Work request:
An exact copy of every entry is needed, without any of the pictures.

[Extracted records — start]

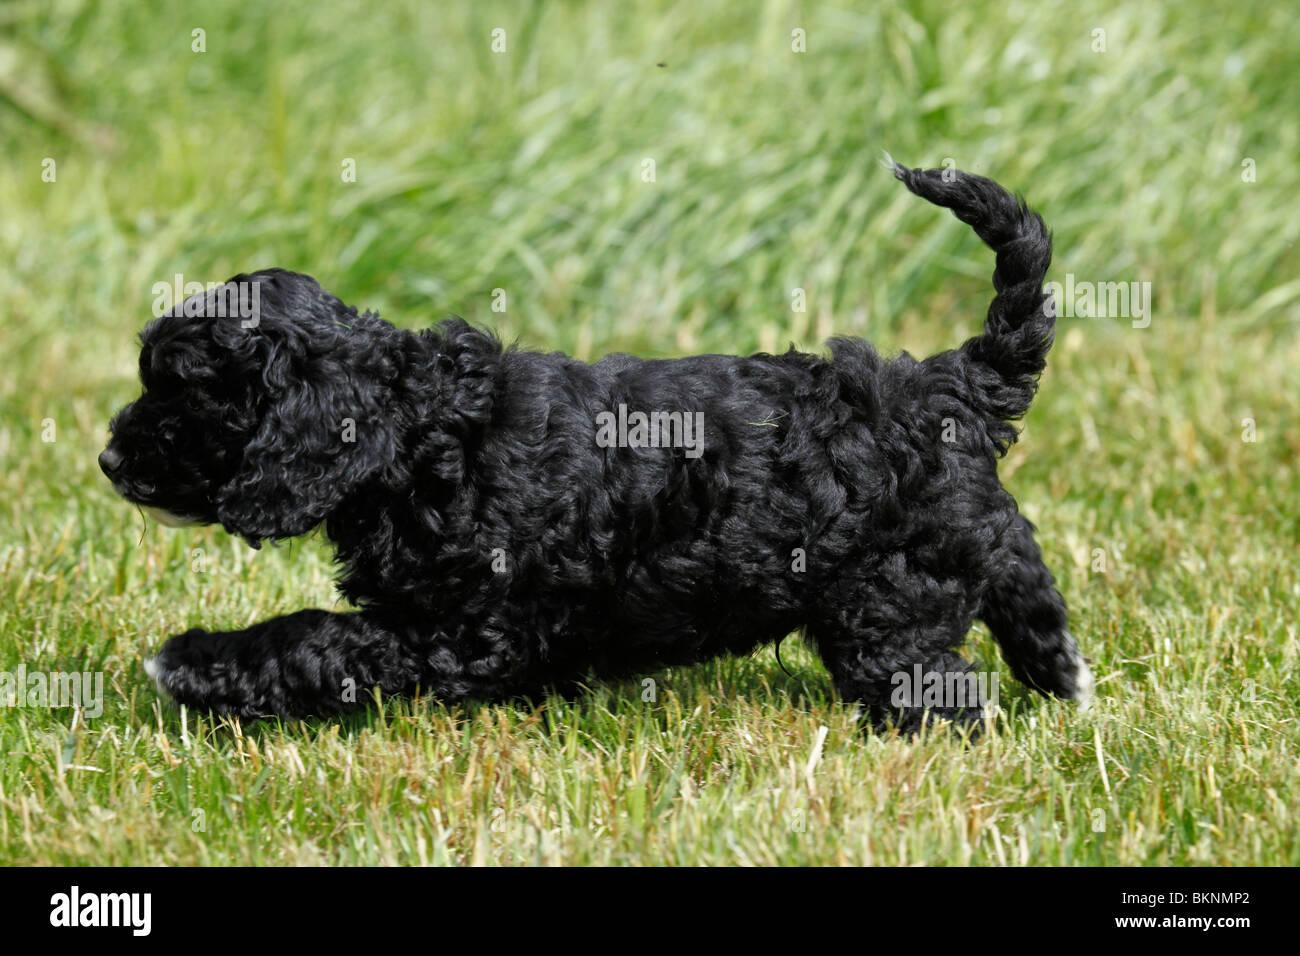 Cockapoo Welpe / Cockapoo puppy - Stock Image
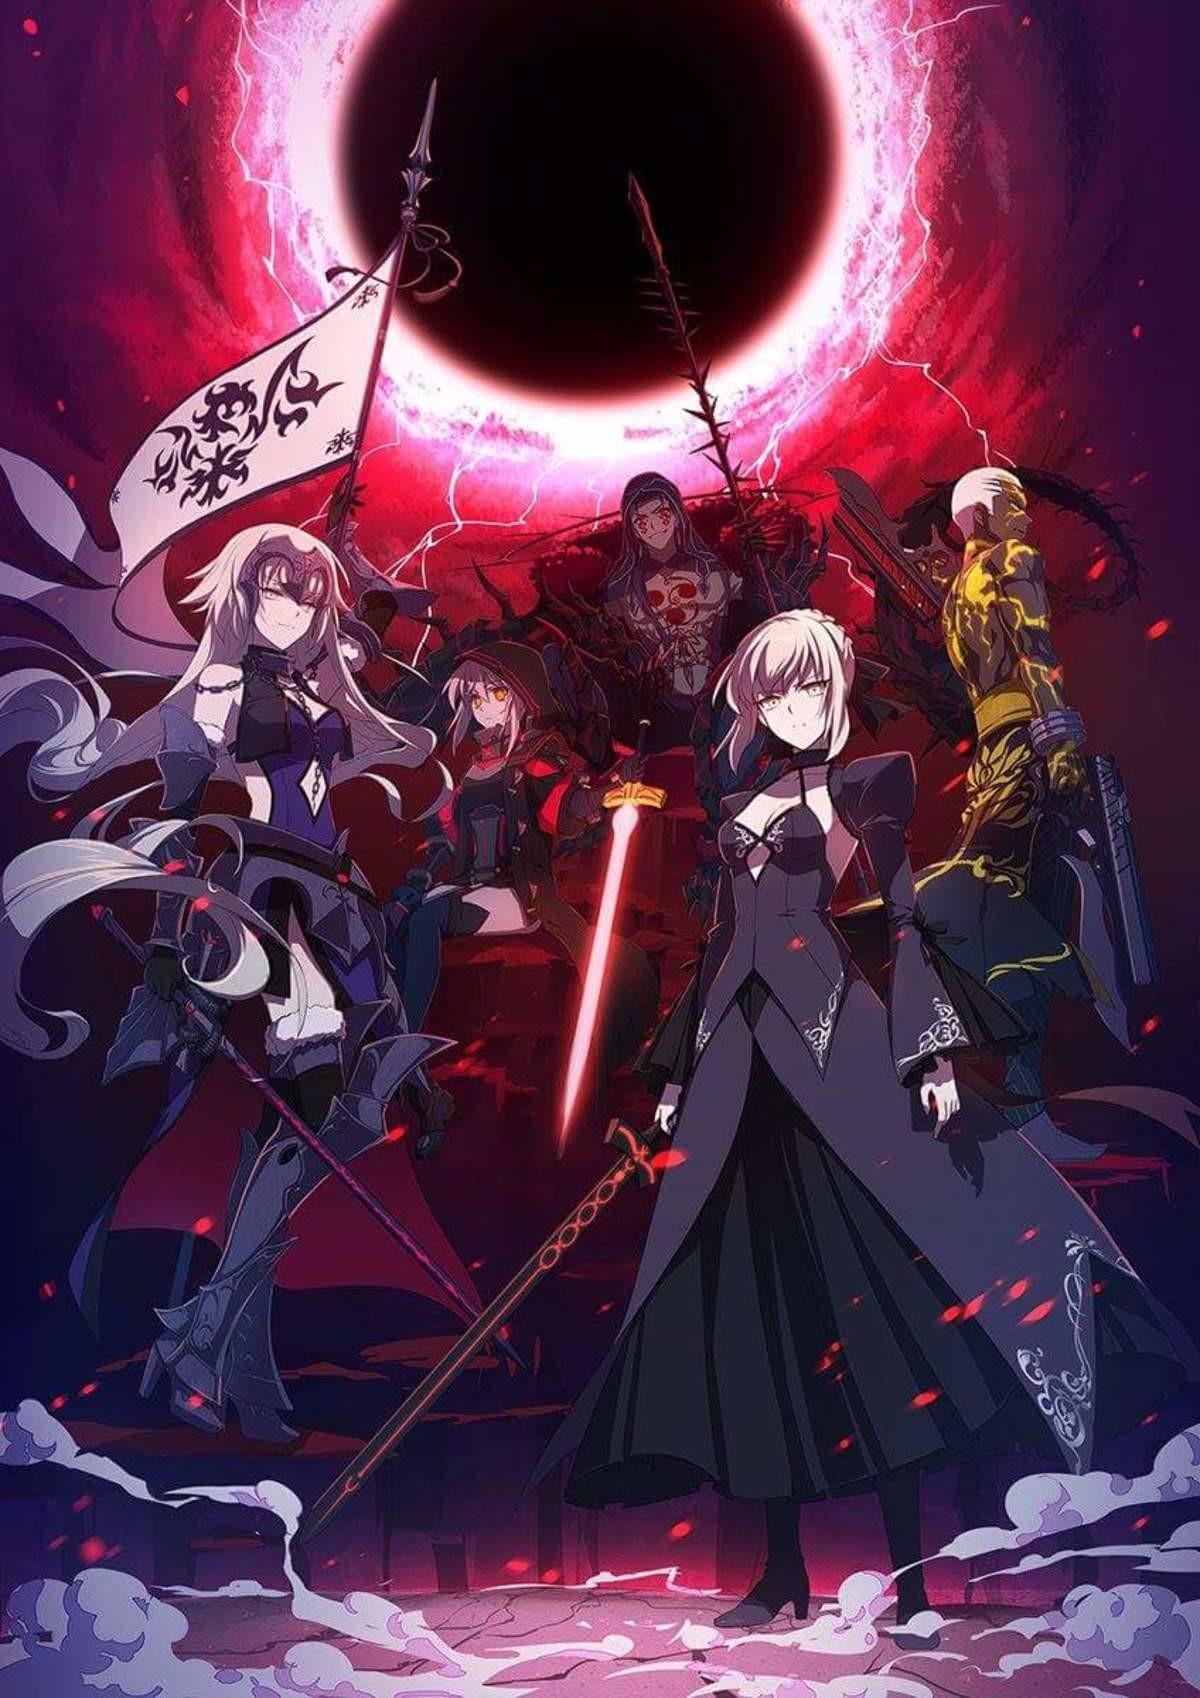 Listens To Linkin Park Once. . Anime manga fatego alter jalter salter Edgy
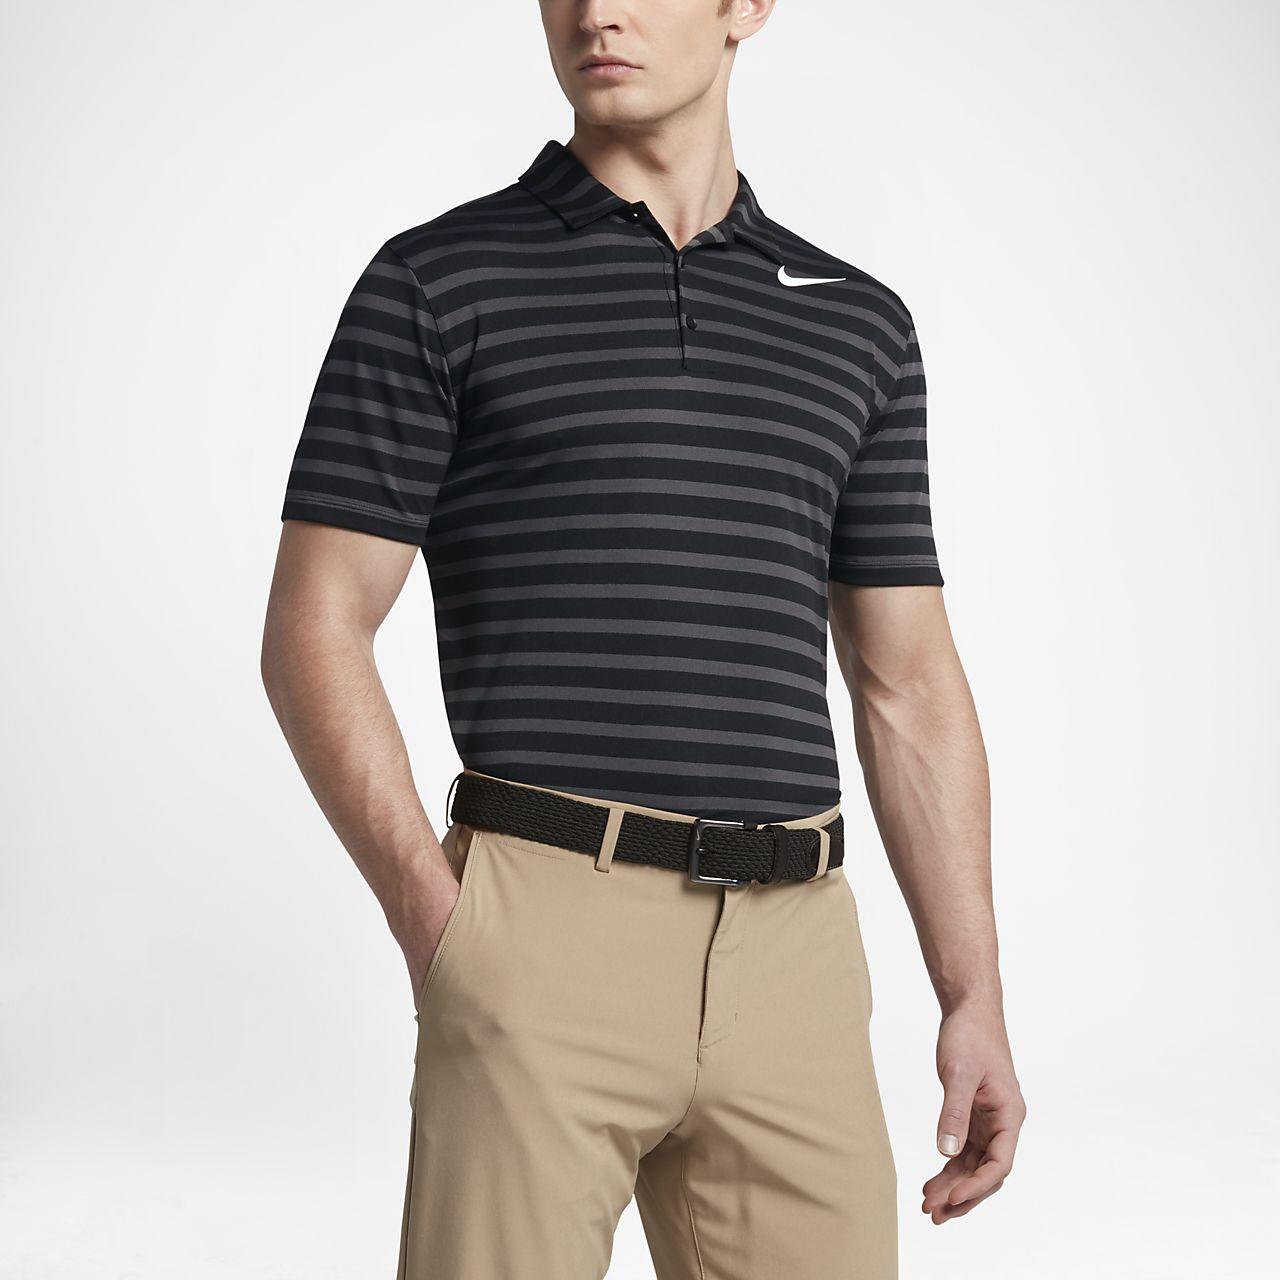 Nike Breathe Stripe Men's Standard Fit Golf Polo Shirts Black/White
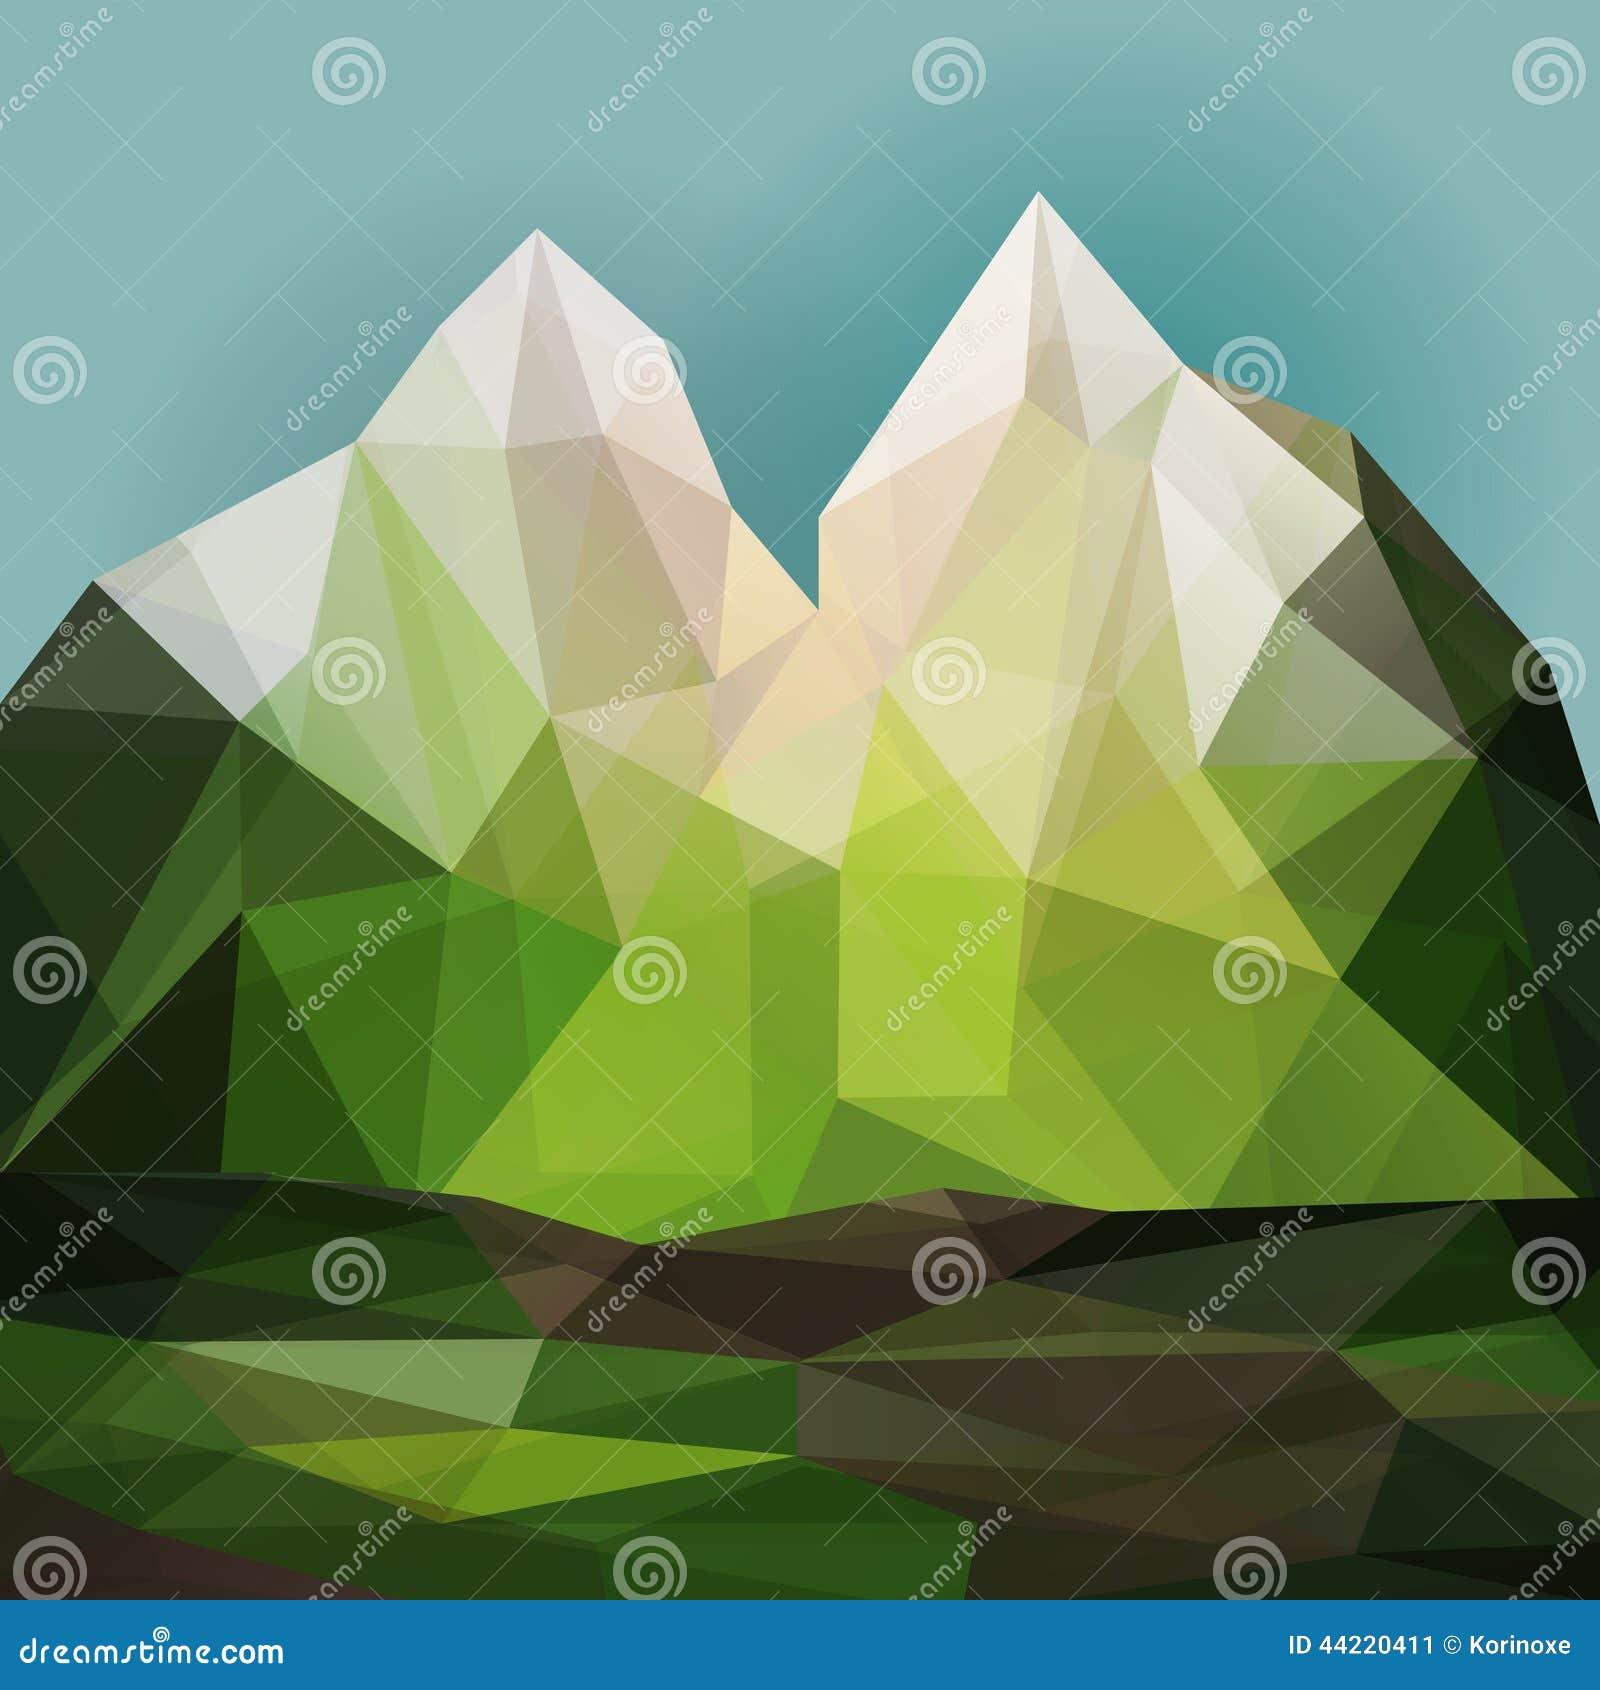 Landscape Illustration Vector Free: Green Mountain Landscape Stock Vector
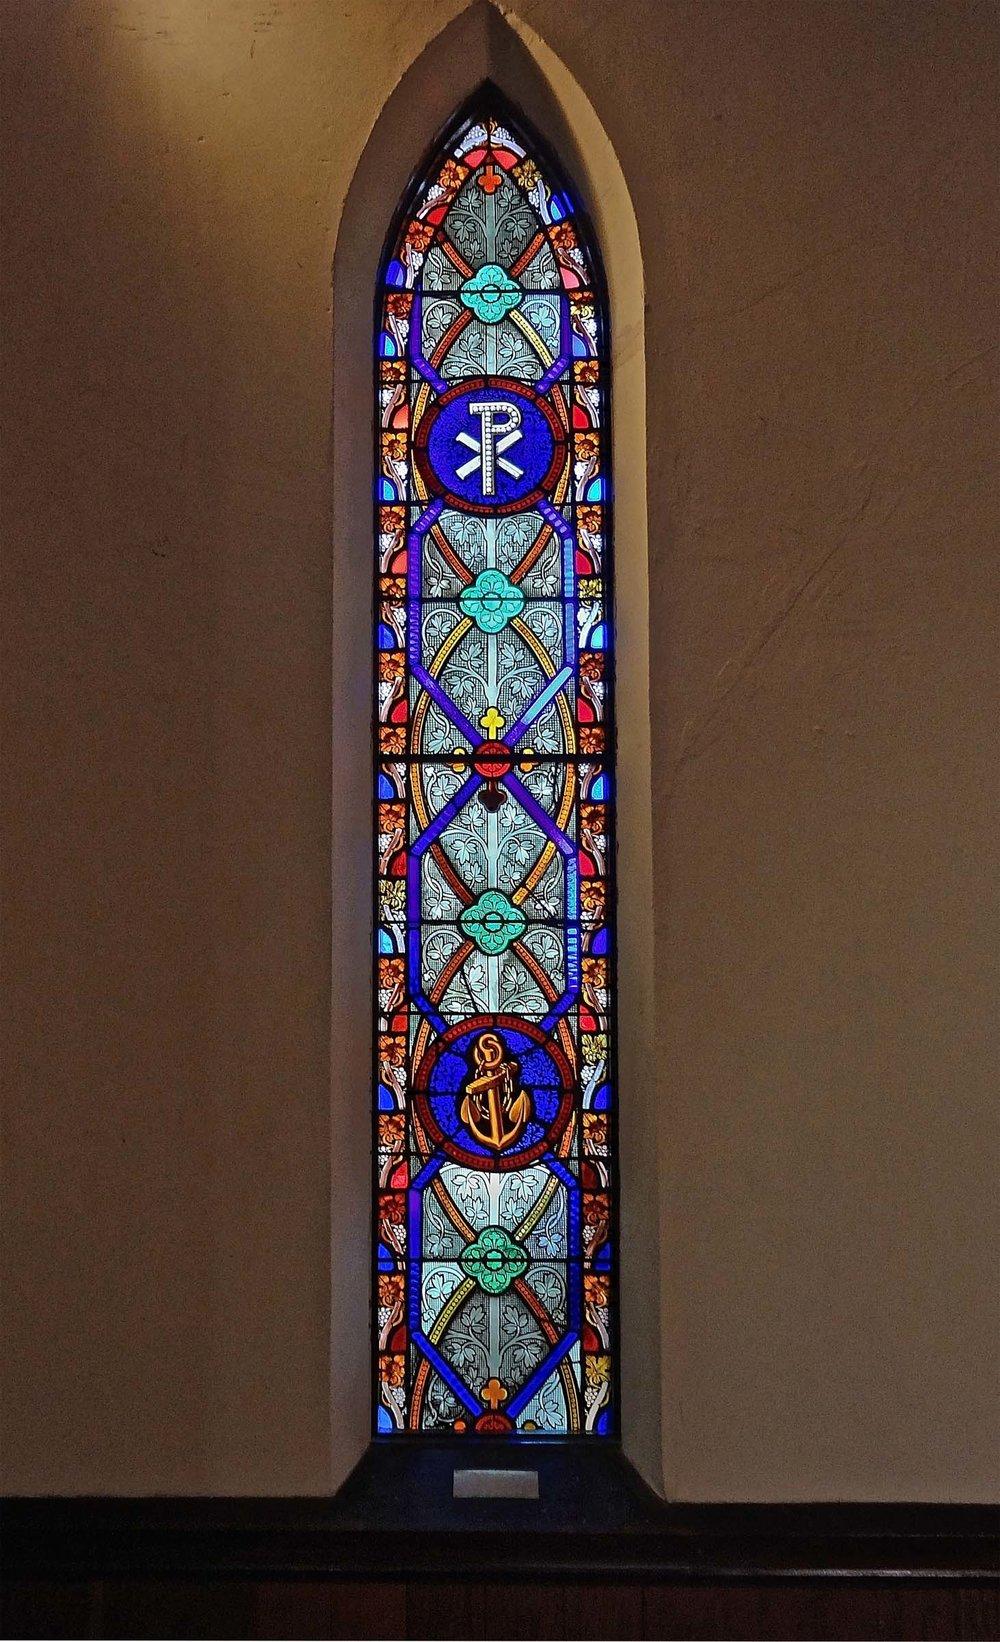 The restored window

[Extracted records — finish]

Written response:
 Cockapoo Welpe / Cockapoo puppy - Stock Image
 Listens To Linkin Park Once. . Anime manga fatego alter jalter salter Edgy
 Nike Breathe Stripe Men's Standard Fit Golf Polo Shirts Black/White
 Landscape Illustration Vector Free: Green Mountain Landscape Stock Vector
 The restored window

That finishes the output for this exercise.